4. Interlude for preventing misunderstandings: Multiverse-wide cooperation is different from acausal trade!

Before we can continue with the main body of explanation, I want to proactively point out that MSR is different from acausal trade, which has been discussed in the context of artificial superintelligences reasoning about each others’ decision procedures. There is a danger that people lump the two ideas together, because MSR does share some similarities with acausal trade (and can arguably be seen as a special case of it).

Namely, both MSR and acausal trade are standardly being discussed in a multiverse context and rely crucially on acausal decision theories. There are, however, several important differences: In the acausal trade scenario, two parties simulate each other’s decision procedures to prove that one’s own cooperation ensures cooperation in the other party. MSR, by contrast, does not involve reasoning about the decision procedures of parties different from oneself. In particular, MSR does not involve reasoning about whether a specific party’s decisions have a logical connection with one’s own decisions or not, i.e., whether the choices in a prisoner’s-dilemma-like situation can only result in symmetrical outcomes or not. MSR works through the simple mechanism that one’s own decision is assumed to already serve as the simulation/prediction for the reference class of agents with relevantly similar decision procedures.

So MSR is based mostly on looser assumptions than acausal trade, because it does not require having the technological capability to accurately simulate another party’s decision algorithm. Although there is one aspect in which MSR is based on stronger assumptions than acausal trade. Namely, MSR is based on the assumption that one’s own decision can function as a prediction/simulation for not just identical copies of oneself in a boring twin universe where everything plays out exactly the same way as in our universe, but also for an interesting spectrum of similar-but-not-completely-identical parts of the multiverse that include agents who reason the same way about their decisions as we do, but may not share our goals. This is far from a trivial assumption, and I strongly recommend doing some further thinking about this assumption. But if the assumption does go through, it has vast implications for not (just) the possibility of superintelligences trading with each other, but for a form of multiverse-wide cooperation that current-day humans could already engage in.

5. MSR represents a shift in one’s ontology; it is not just some “trick” we can attempt for extra credit

The line of reasoning employed in MSR is very similar to the reasoning employed in anthropic decision problems. For comparison, take the idea that there are numerous copies of ourselves across many ancestor simulations. If we thought this was the case, reasoning anthropically as though we control all our copies at once could, for certain decisions, change our prioritization: If my decision to reduce short-term suffering plays out the same way in millions of short-lived, simulated versions of earth where focusing on the far future is impossible to pay out, I have more reason to focus on short-term suffering than I thought.

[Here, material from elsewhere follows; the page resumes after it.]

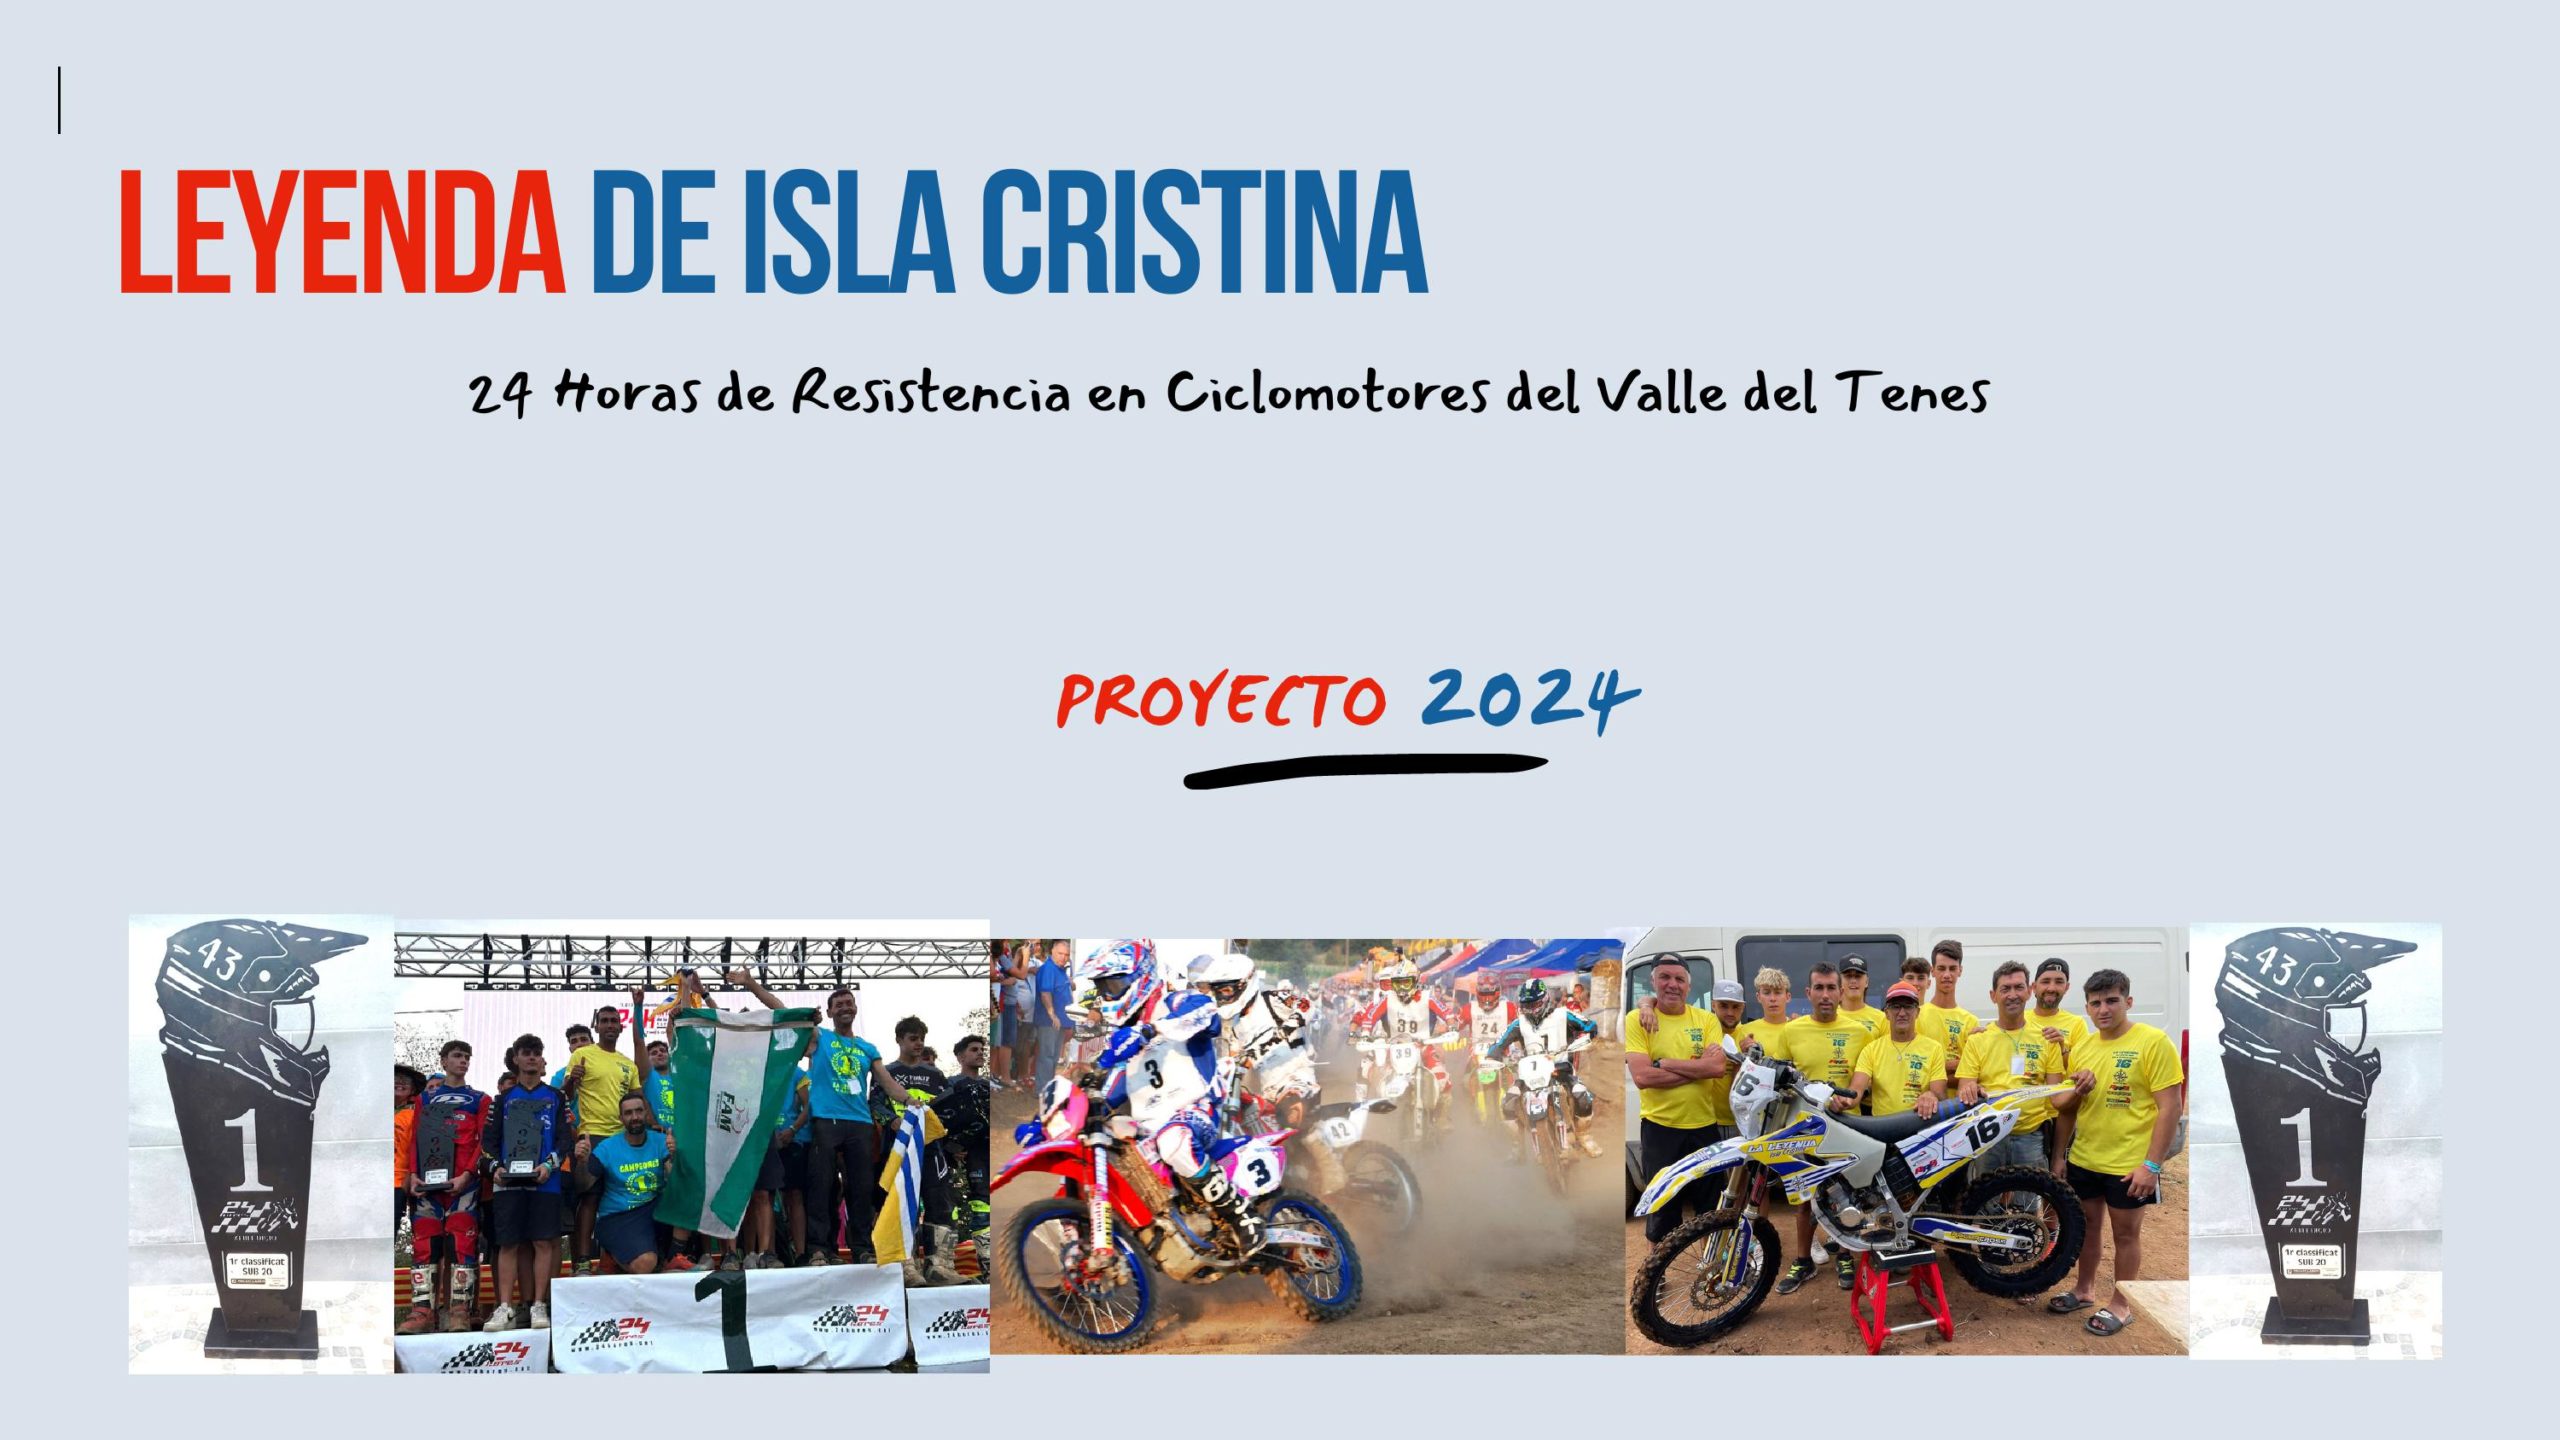 “Proyecto 2024” La Leyenda de Isla Cristina

MSR applies a similar kind of reasoning where we shift our thinking from being a single instance of something to thinking in terms of deciding for an entire class of agents. MSR is what follows when one extends/generalizes the anthropic/UDT slogan “Acting as though you are all your (subjectively identical) copies at once” to “Acting as though you are all copies of your (subjective probability distribution over your) decision algorithm at once.”

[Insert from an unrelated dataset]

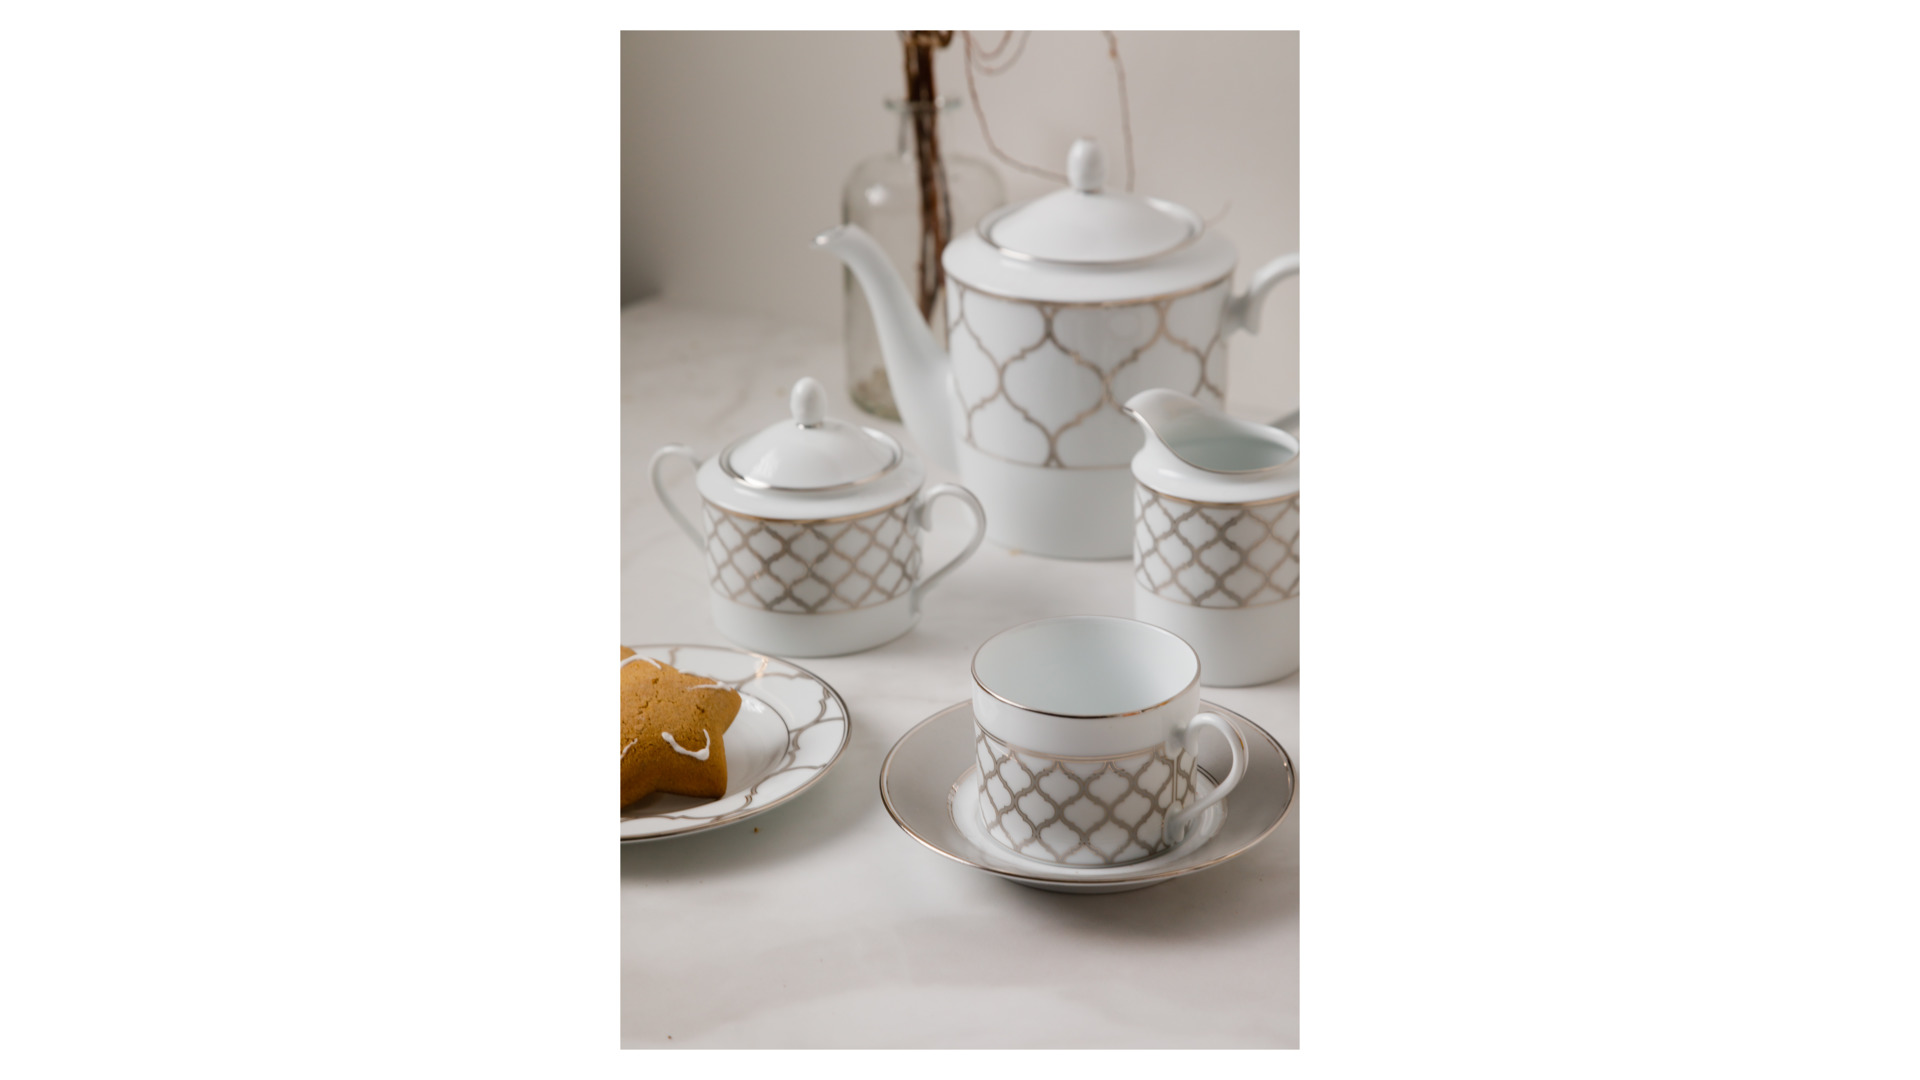 Блюдце для чашки чайной Noritake Царский дворец, платиновый кант 15 см, фарфор

Rather than identifying solely with one’s subjective experiences and one’s goals/values, MSR also involves “identifying with”  – on the level of predicting consequences relevant to one’s decision – one’s general decision algorithm. If the assumptions behind MSR are sound, then deciding not to change one’s actions based on MSR has to cause an update in one’s world model, an update about other agents in one’s reference class also not cooperating. So the underlying reasoning that motivates MSR is something that has to permeate our thinking about how to have an impact on the world, whether we decide to let it affect our decisions or not. MSR is a claim about what is rational to do given that our actions have an impact in a broader sense than we may initially think, spanning across all instances of one’s decision algorithm. It changes our EV calculations and may in some instances even flip the sign – net positive/negative – of certain interventions. Ignoring MSR is therefore not necessarily the default, “safe” option.

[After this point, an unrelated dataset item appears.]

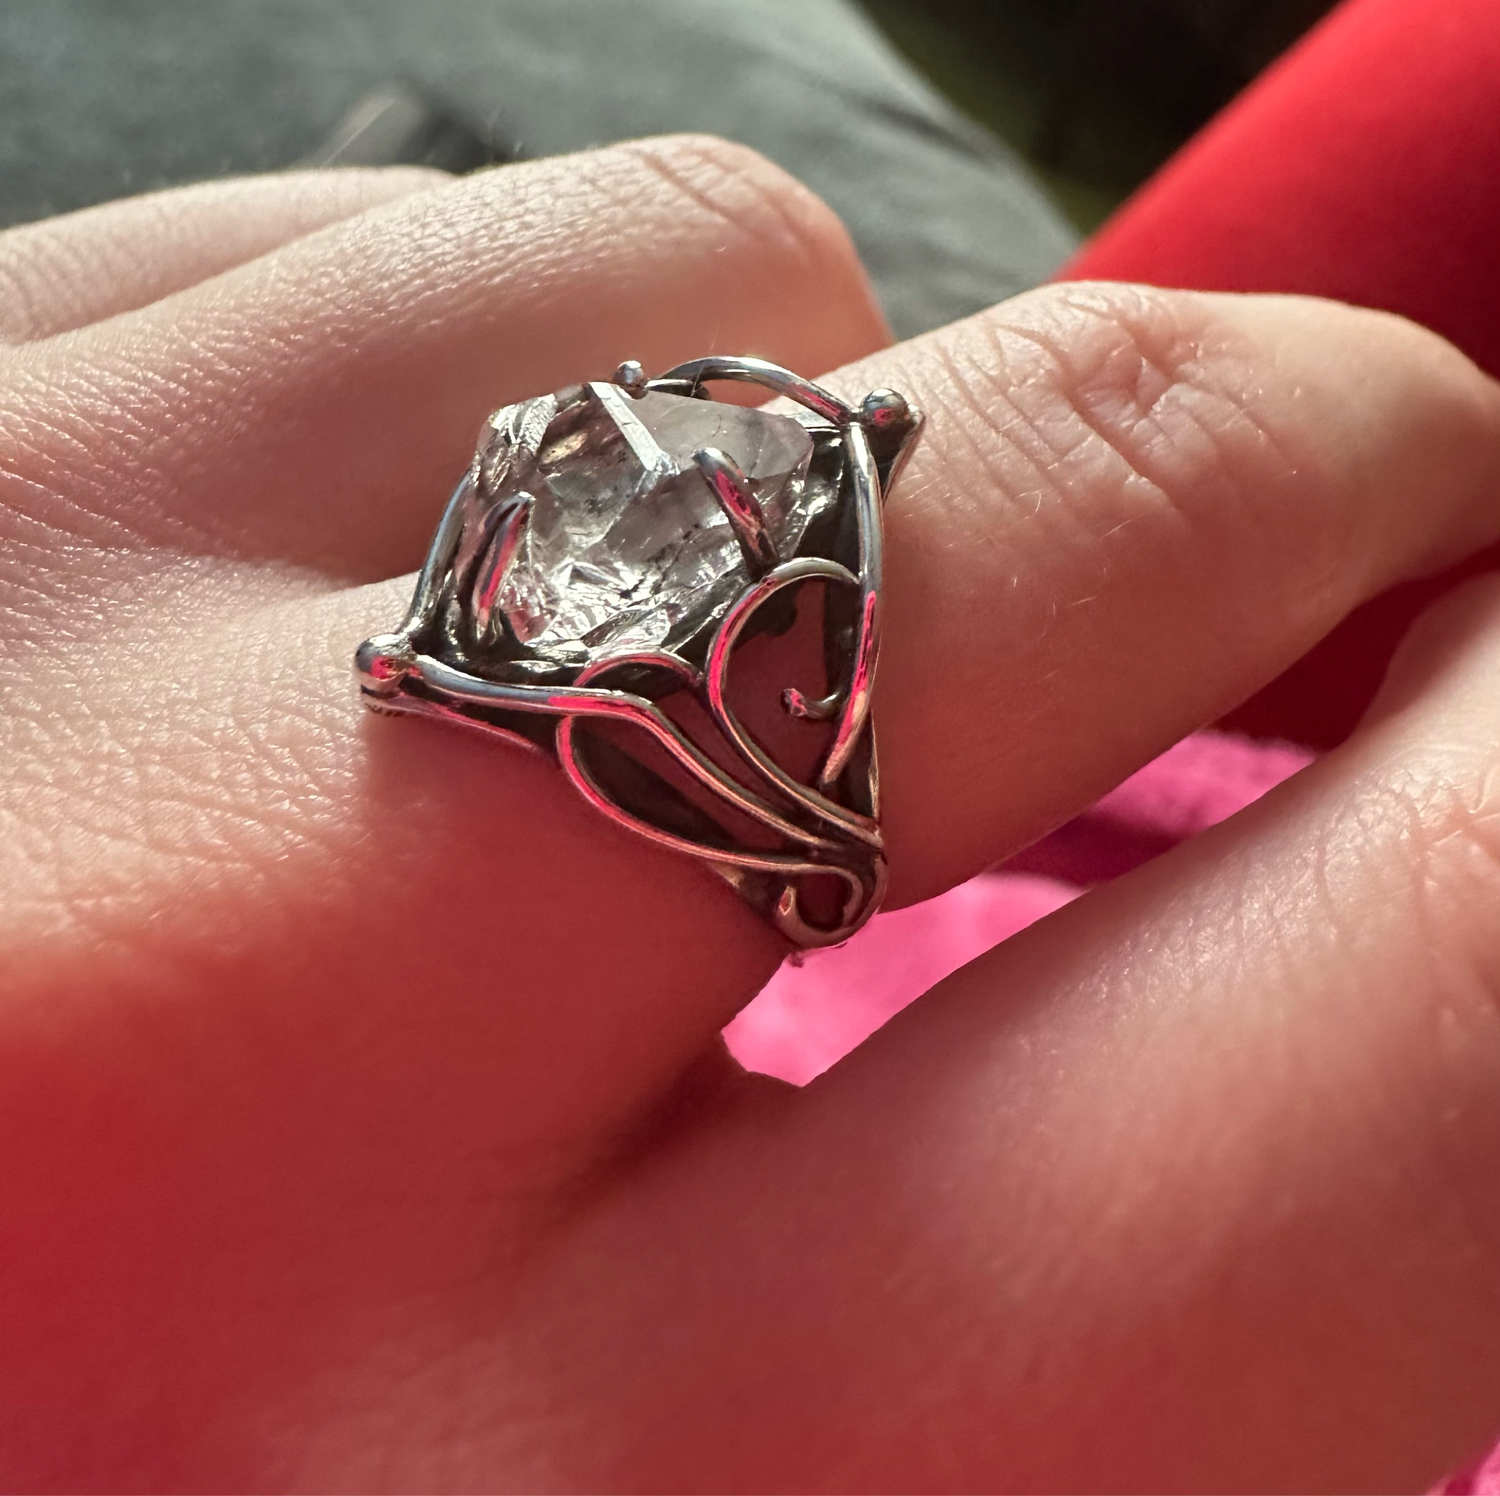 Photo №1 к отзыву покупателя Oksana о товаре Кольцо с херкимерским алмазом Maghella из серебра, кольцо с кристаллом

6. Lack of knowledge about aliens is no obstacle because a minimally viable version of MSR can be based on what we observe on earth

Once we start deliberating whether to account for the goals of other agents in the multiverse, we run into the problem that we have a very poor idea of what the multiverse looks like. The multiverse may contain all kinds of strange things, including worlds where physical constants are different from the ones in our universe, or worlds where highly improbable things keep happening for the same reason that, if you keep throwing an infinite number of fair coins, some of them somewhere will produce uncanny sequences like “always heads” or “always tails.”

Because it seems difficult and intractable to envision all the possible landscapes in different parts of the multiverse, what kind of agents we might find there, and how we can benefit the goals of these agents with our resources here, one might be tempted to dismiss MSR for being too impractical a consideration. However, I think this would be a premature dismissal. We may not know anything about strange corners of the multiverse, but we know at the very least how things are in our observable universe. As long as we feel like we cannot say anything substantial about how, specifically, the parts of the multiverse that are completely different from the things we know differ from our environment, then we may as well ignore these others parts. For practical purposes, we do not have to speculate about parts of the multiverse that would be completely alien to us (yay!), and can instead focus on what we already know from direct experience. After all, our world is likely to be representative for some other worlds in the multiverse. (This holds for the same reason that a randomly chosen television channel is more likely than not to be somewhat representative of some other television channels, rather than being completely unlike any other channel.) Therefore, we can be reasonably confident that out there somewhere, there are planets with an evolutionary history that, although different from ours in some ways, also produced intelligent observers who built a technologically advanced civilization. And while many of these civilizations may contain agents with value systems we have never thought about, some of these civilizations will also contain earth-like value systems.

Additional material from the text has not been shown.